The simplicial volume is zero (positive) on Torus (Hyperbolic manifold) and those manifolds does not admit a Riemannian metric with positive scalar curvature.  What do we know  about the simplicial volume of a Riemannian manifold with positive scalar curvature?
 A: In a preliminary version of what would become Gromov's "A Dozen Problems, Questions and Conjectures about Positive Scalar Curvature", he writes on page 88:

Neither is one able to prove (or disprove) that manifolds with positive scalar
  curvatures have zero simplicial volumes.
  Possibly, these conjectures need significant modifications to become realistic.

Simplicial volume didn't make it into the published version of these notes, maybe because he thought his conjectural relationship between scalar curvature and simplicial volume was too hopeless to be worth mentioning, but at any rate this is reasonable evidence that this question was an open problem in 2017, and I haven't seen any evidence of progress since then.

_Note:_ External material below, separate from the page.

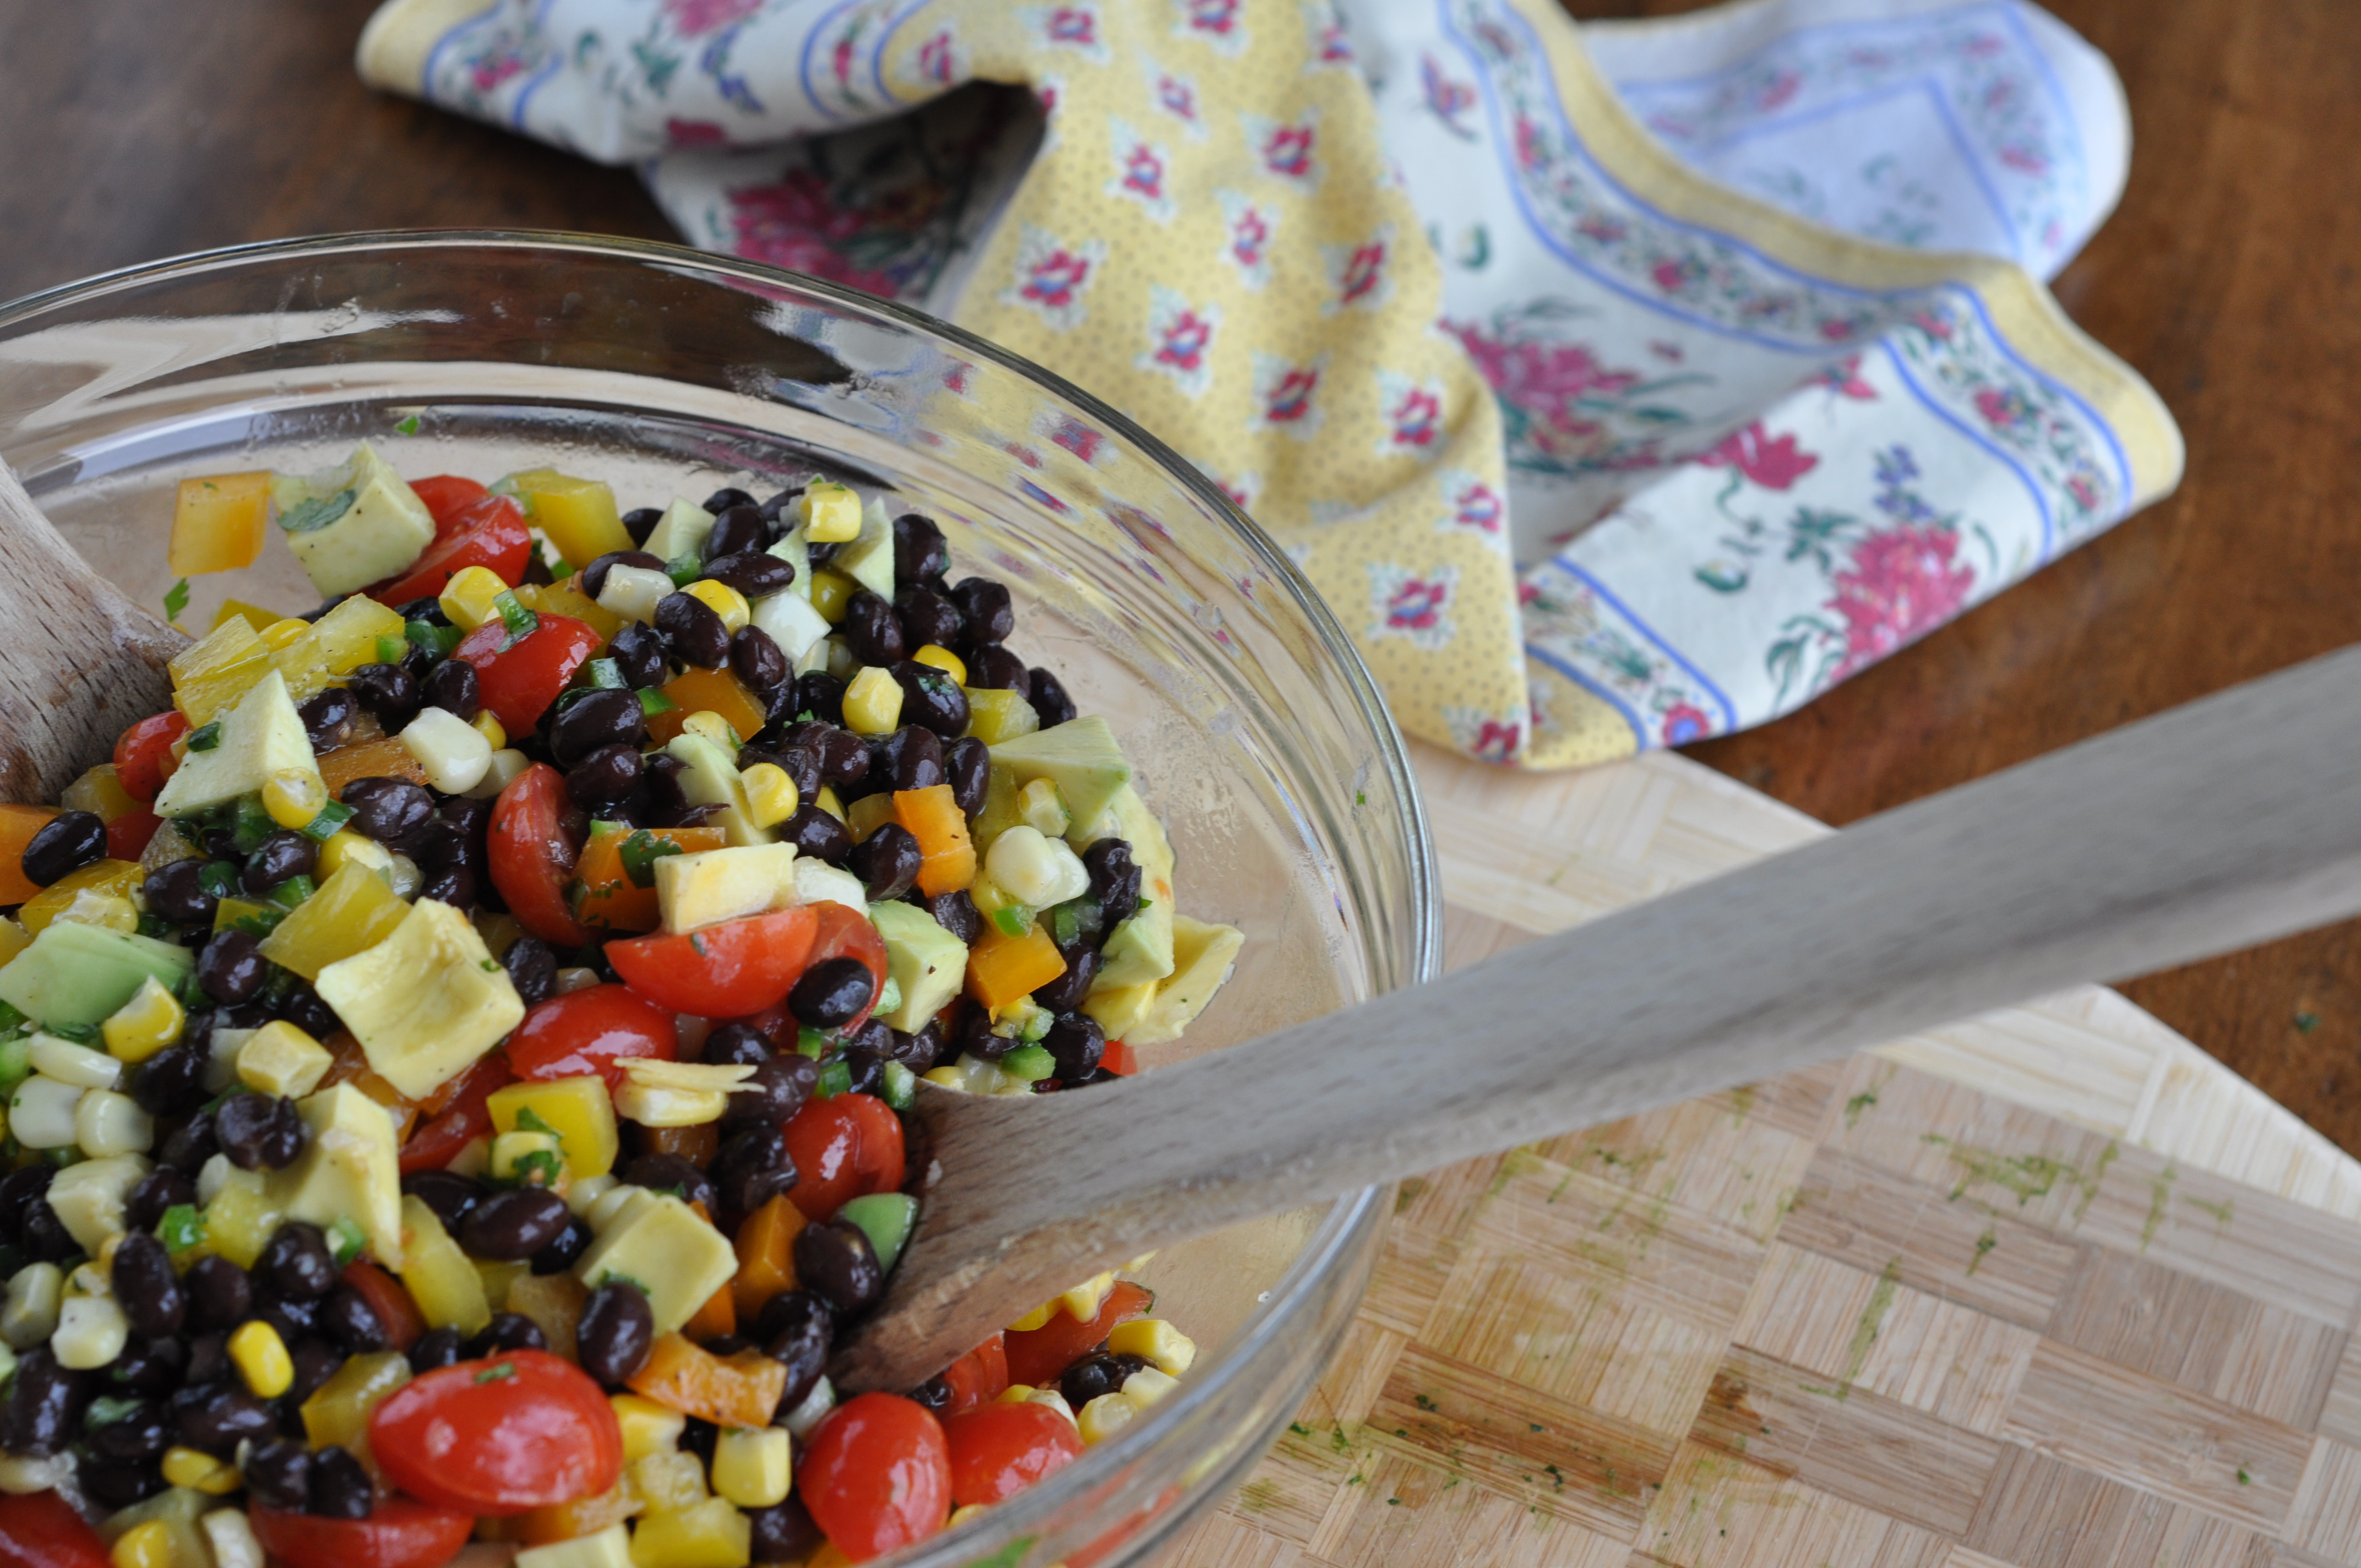 Barefoot Contessa Salad Recipes ina garten barefoot contessa salad recipes - food salad recipes
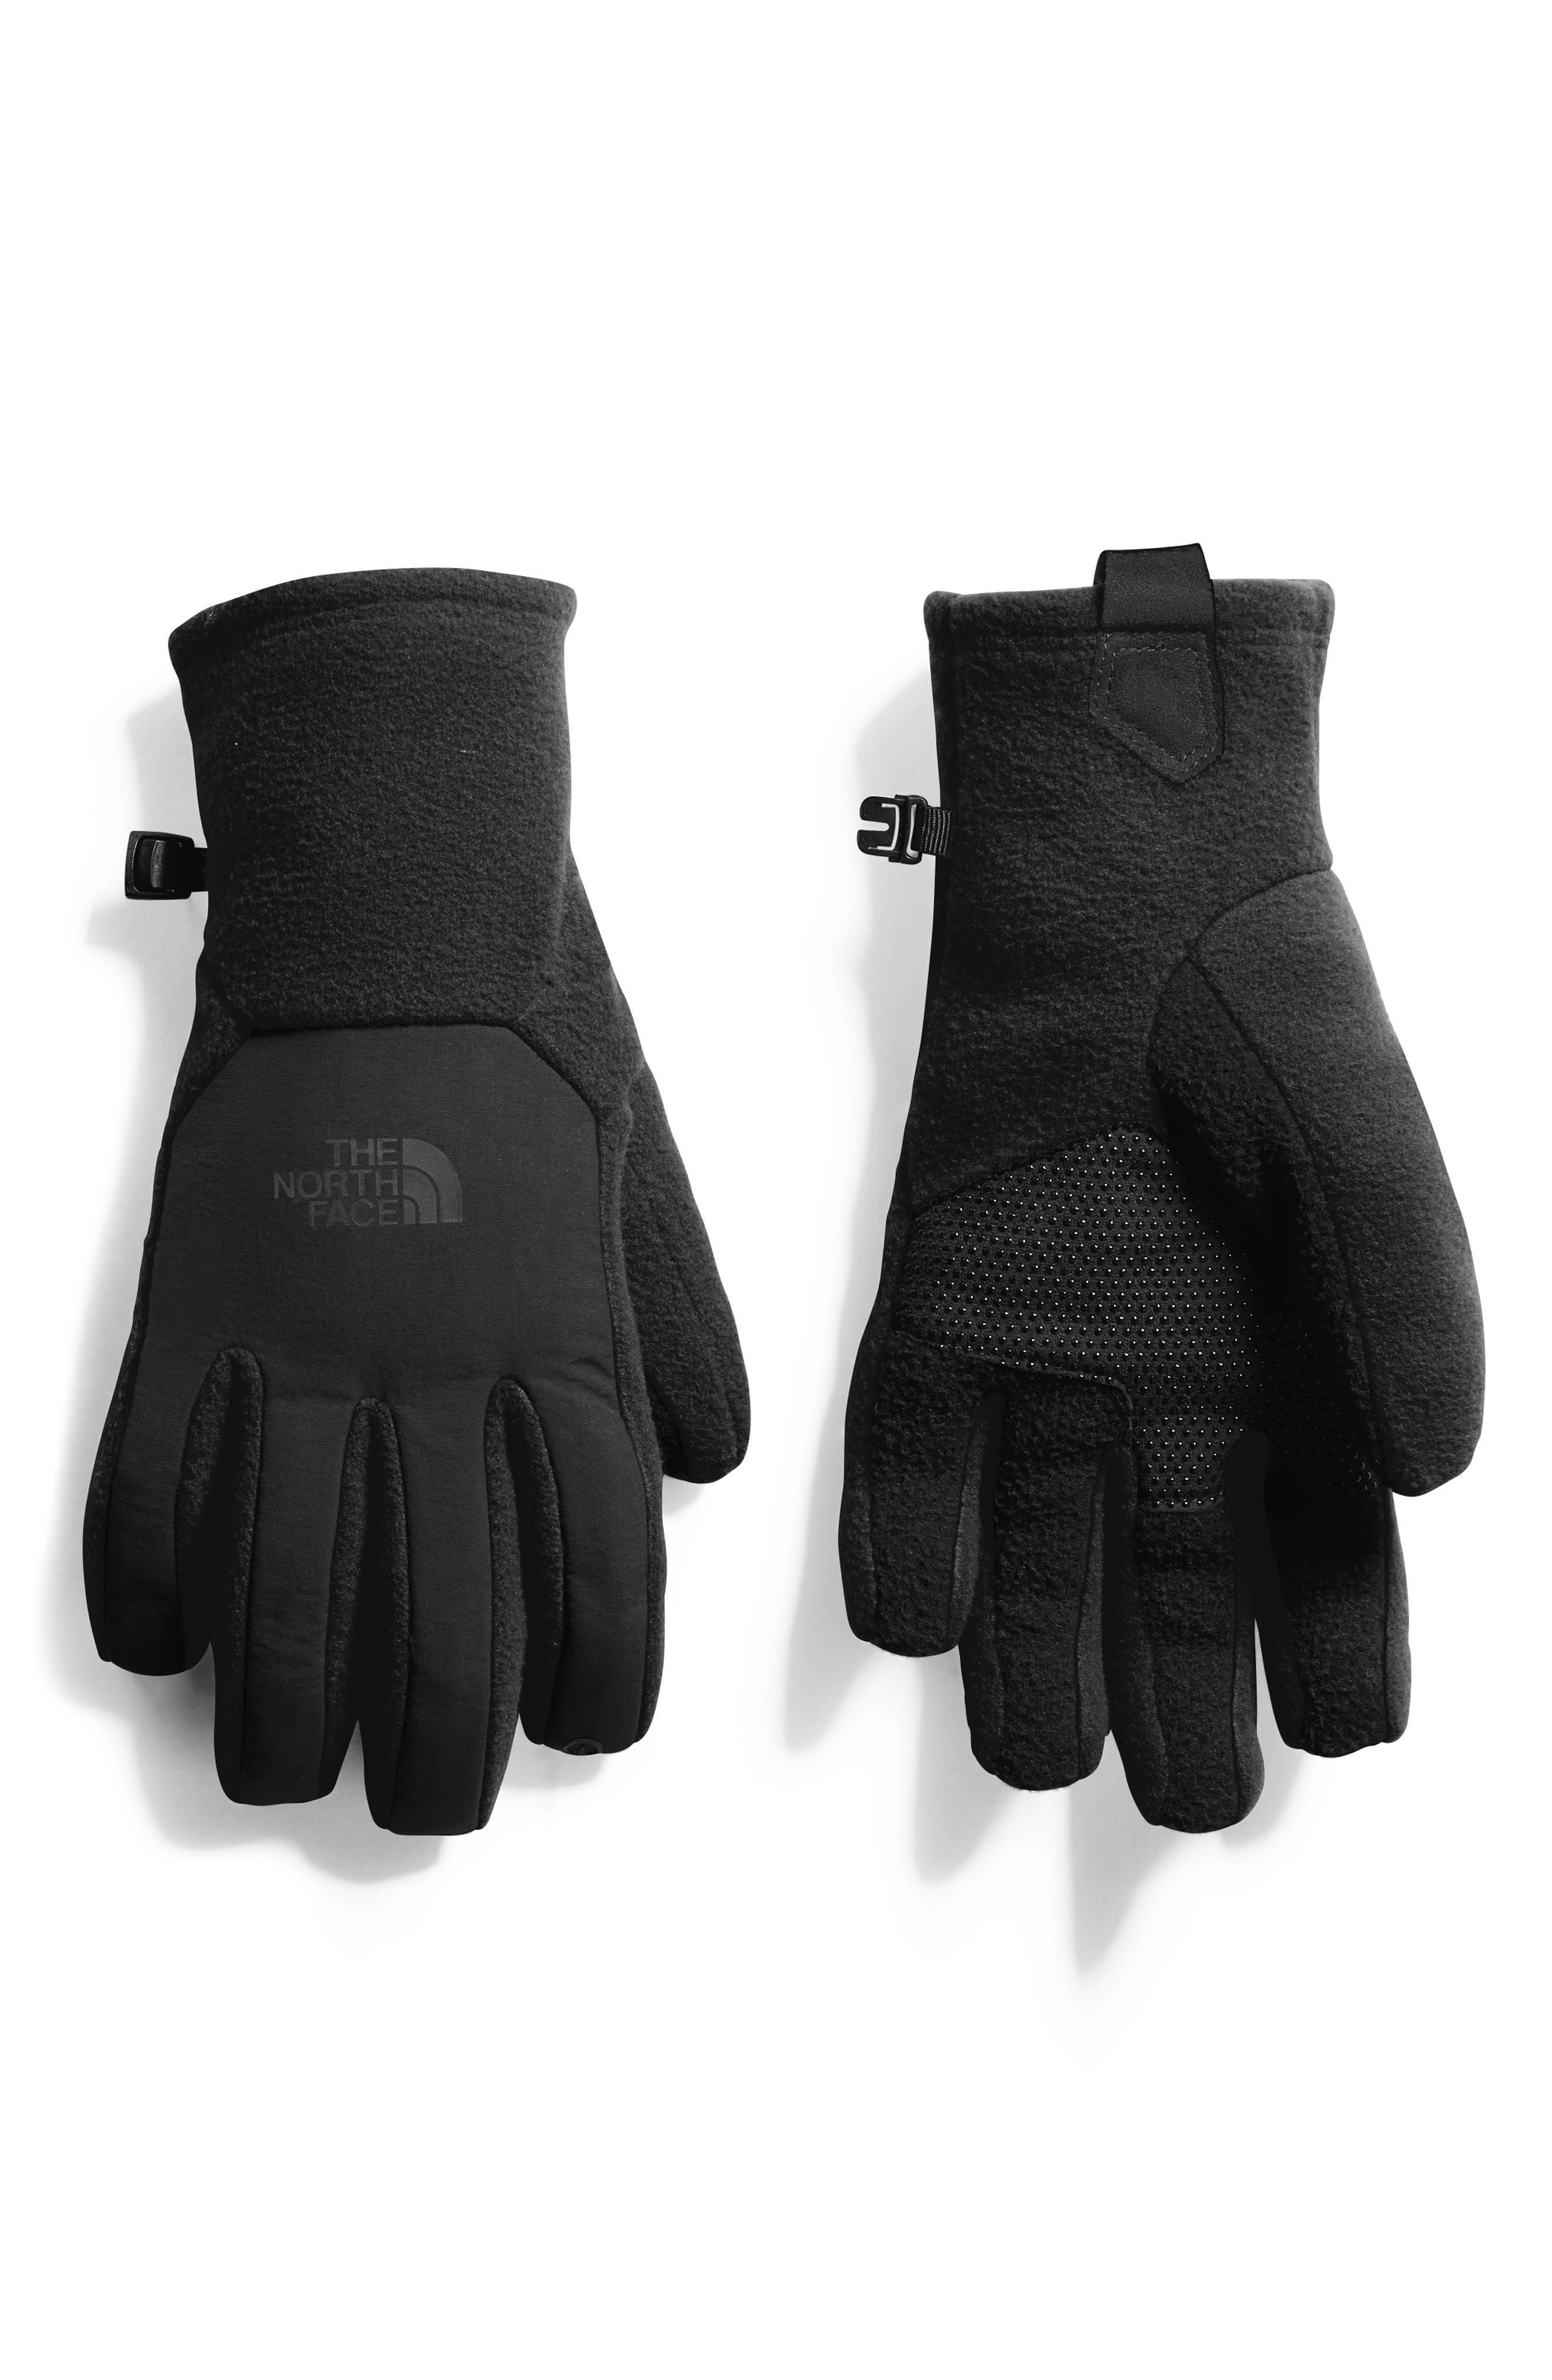 THE NORTH FACE, Denali Thermal Etip<sup>™</sup> Gloves, Main thumbnail 1, color, BLACK

A: By theorems of Wilking and Milnor (see On fundamental groups of manifolds of nonnegative curvature by Wilking), the fundamental group of a compact manifold with nonnegative sectional (not scalar, I've misread the original question) curvature is of polynomial growth. By Gromov's theorem, it is virtually nilpotent, hence amenable. Compact manifolds with amenable fundamental group have vanishing simplicial volume.